Dalam kunjungan ke Lapas Kelas IIA Banjarmasin, Ahmad Basarah menyoroti dua persoalan utama yang masih membayangi banyak Lapas.
“Yakni overcapacity dan keterbatasan sumber daya manusia,” katanya, Selasa (23/6/2026).
Menurutnya, kedua masalah tersebut telah berlangsung lama tanpa solusi yang benar-benar mampu memberikan dampak signifikan.
“Bertahun-tahun lamanya persoalan overcapacity ini belum menemukan jalan keluar yang efektif,” ujarnya.
Ahmad Basarah menilai sudah saatnya seluruh pemangku kepentingan dalam bidang pemasyarakatan berfokus mencari solusi. “Bukan sekadar membahas berbagai hambatan yang ada,” tegasnya.

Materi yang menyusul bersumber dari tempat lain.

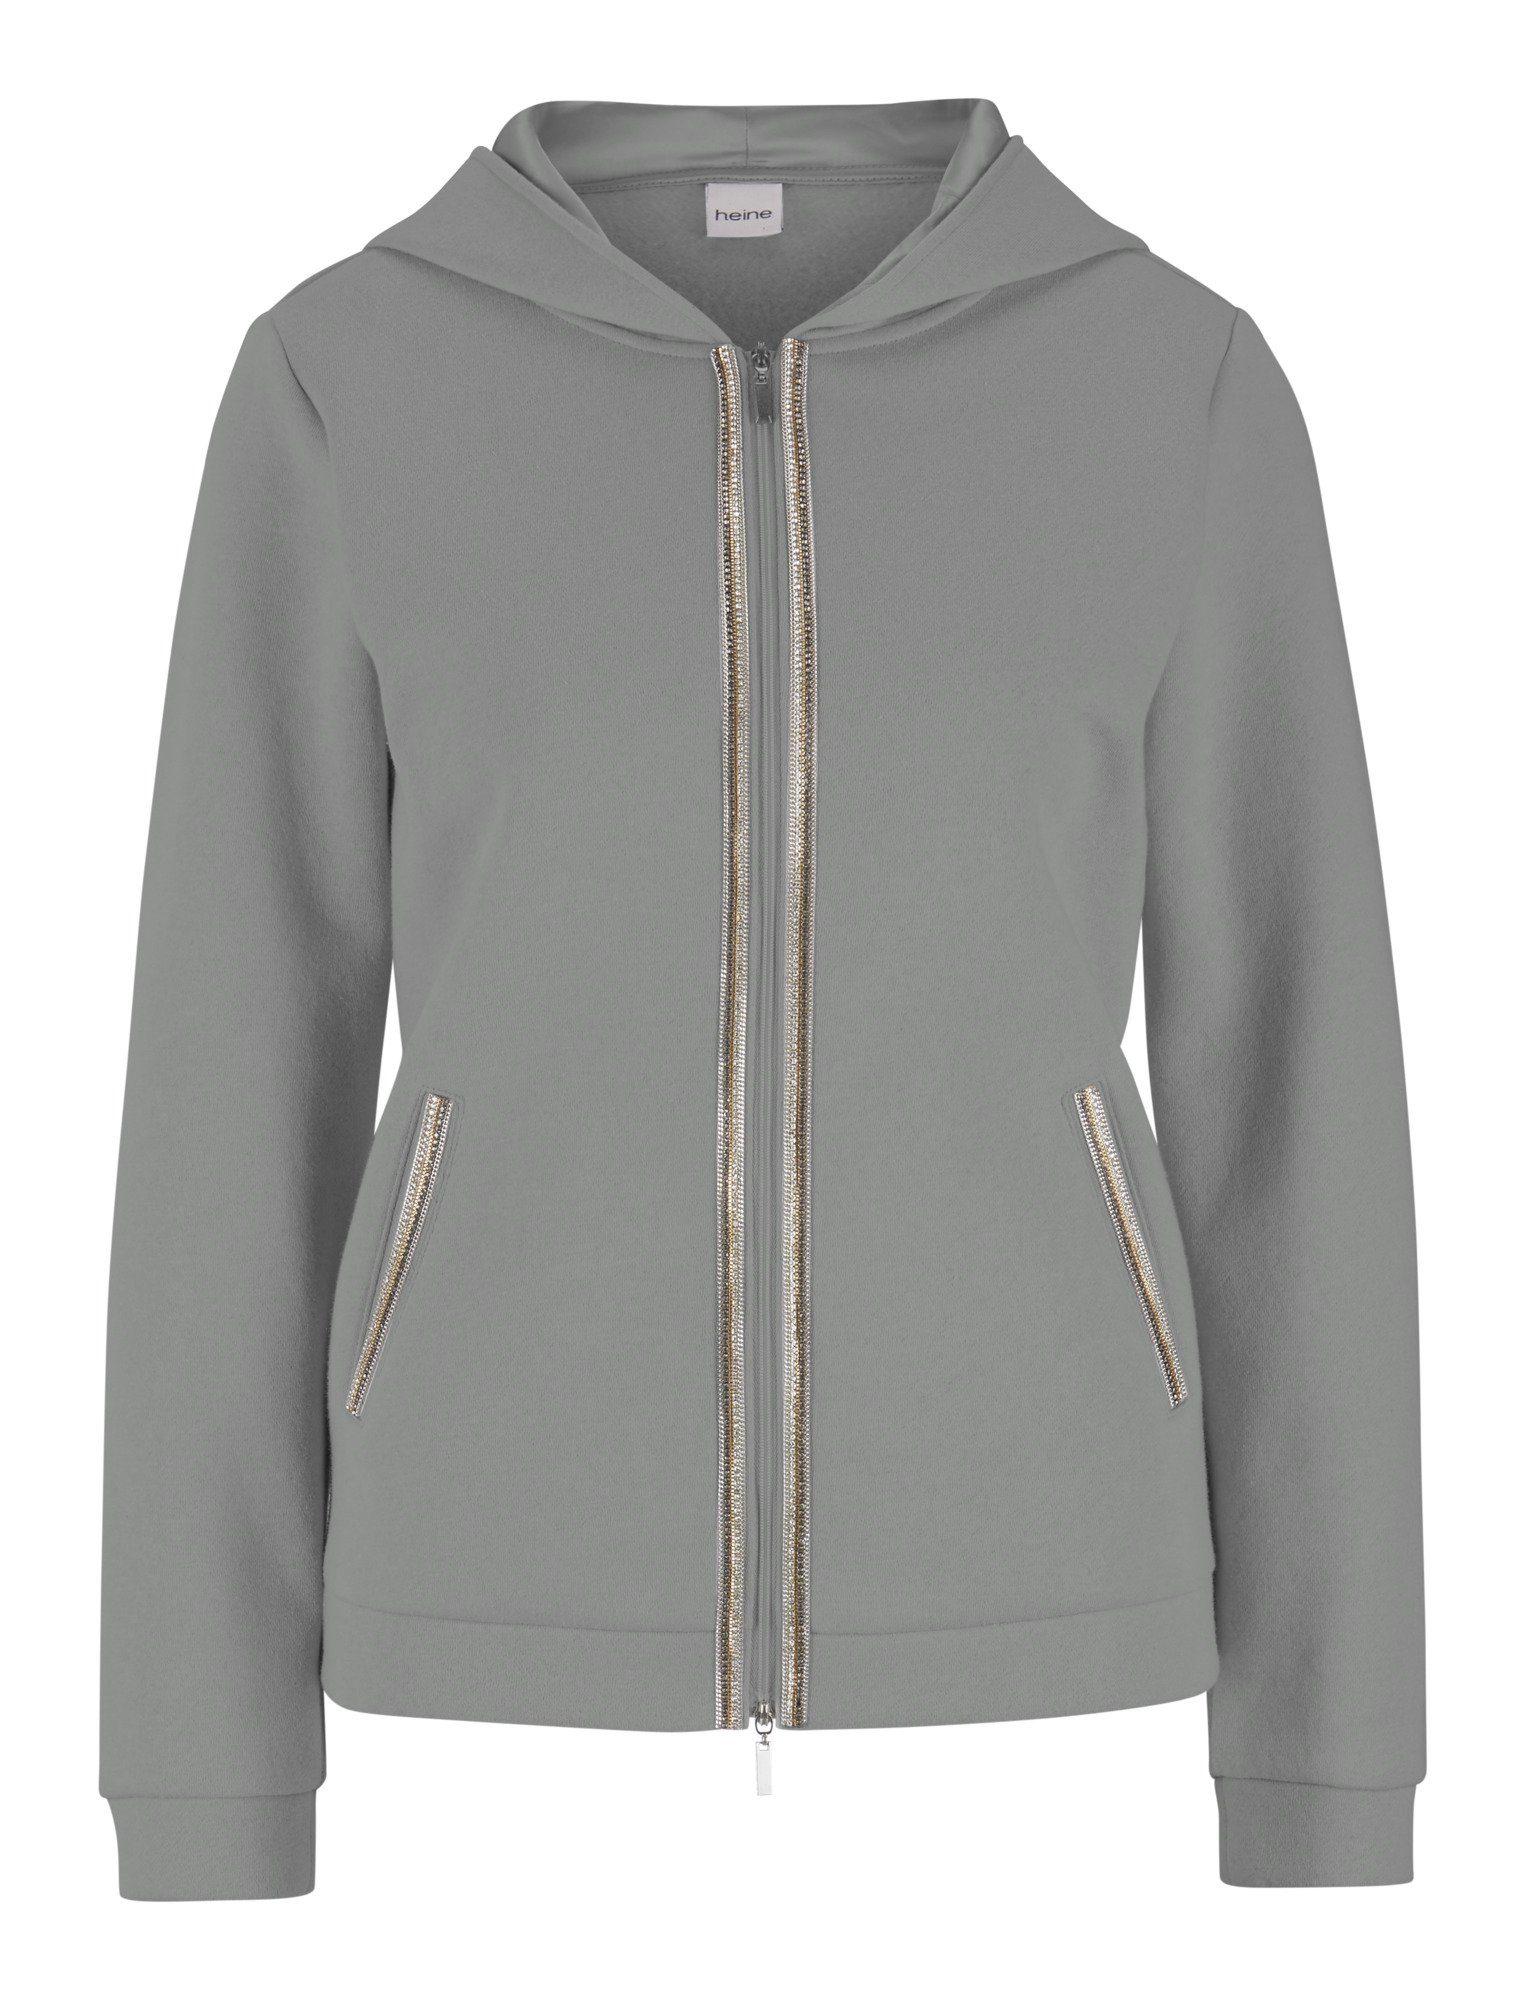 Heine Casual Shirtjacke Aus Sweatqualität Kaufen

Karena itu, Komisi XIII DPR RI mendorong lahirnya berbagai inovasi yang mampu meningkatkan kualitas pembinaan warga binaan sekaligus menjawab keterbatasan yang selama ini terjadi.
“Ketimbang mengeluhkan belum ada jalan keluar yang efektif dari overcapacity, kemudian ketersediaan SDM dan lain sebagainya,” imbuh Ahmad Basarah.
Salah satu terobosan yang mendapat perhatian adalah penyelenggaraan pendidikan formal bagi warga binaan. Program tersebut memberikan kesempatan kepada penghuni lapas untuk melanjutkan pendidikan. Mulai dari jenjang sekolah dasar hingga perguruan tinggi melalui kerja sama dengan berbagai lembaga pendidikan.
“Nah, menurut hemat saya, terobosan semacam ini harus menjadi role model bagi lapas-lapas lain seluruh Indonesia,” ungkapnya.
Ia juga menilai pendidikan memiliki peran strategis dalam membentuk karakter, meningkatkan keterampilan, serta mempersiapkan warga binaan agar lebih siap kembali ke masyarakat setelah menjalani masa pidana.
Hasil temuan selama kunjungan kerja tersebut, lanjutnya, akan menjadi bahan rekomendasi kepada Menteri Imigrasi dan Pemasyarakatan agar model pembinaan yang berjalan mendapatkan replikasi oleh berbagai lapas lainnya. (bro2)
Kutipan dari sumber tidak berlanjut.